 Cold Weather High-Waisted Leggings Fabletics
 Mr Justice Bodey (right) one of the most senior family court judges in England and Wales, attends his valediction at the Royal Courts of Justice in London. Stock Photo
...
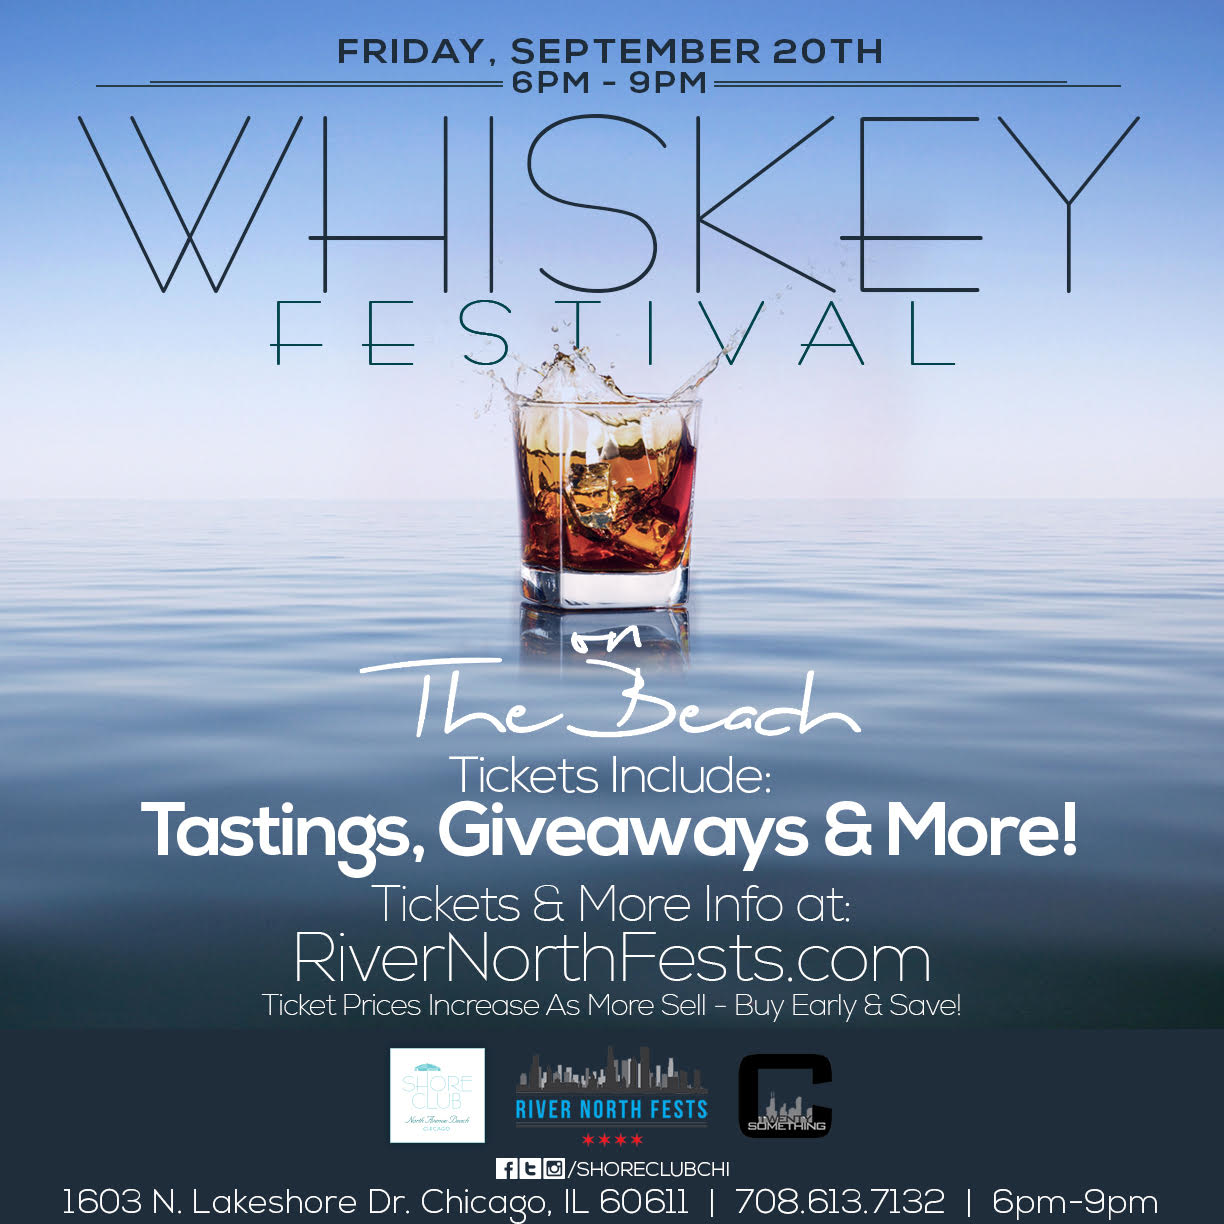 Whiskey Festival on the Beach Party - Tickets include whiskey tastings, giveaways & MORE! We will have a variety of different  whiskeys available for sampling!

__Problem description__. From the entries above, print the lines beginning at the one with "Cold Weather High-Waisted Leggings Fabletics" and stopping after the one with "Mr Justice Bodey", exactly as written and with nothing else.

__Output for this exercise__.
 Cold Weather High-Waisted Leggings Fabletics
 Mr Justice Bodey (right) one of the most senior family court judges in England and Wales, attends his valediction at the Royal Courts of Justice in London. Stock Photo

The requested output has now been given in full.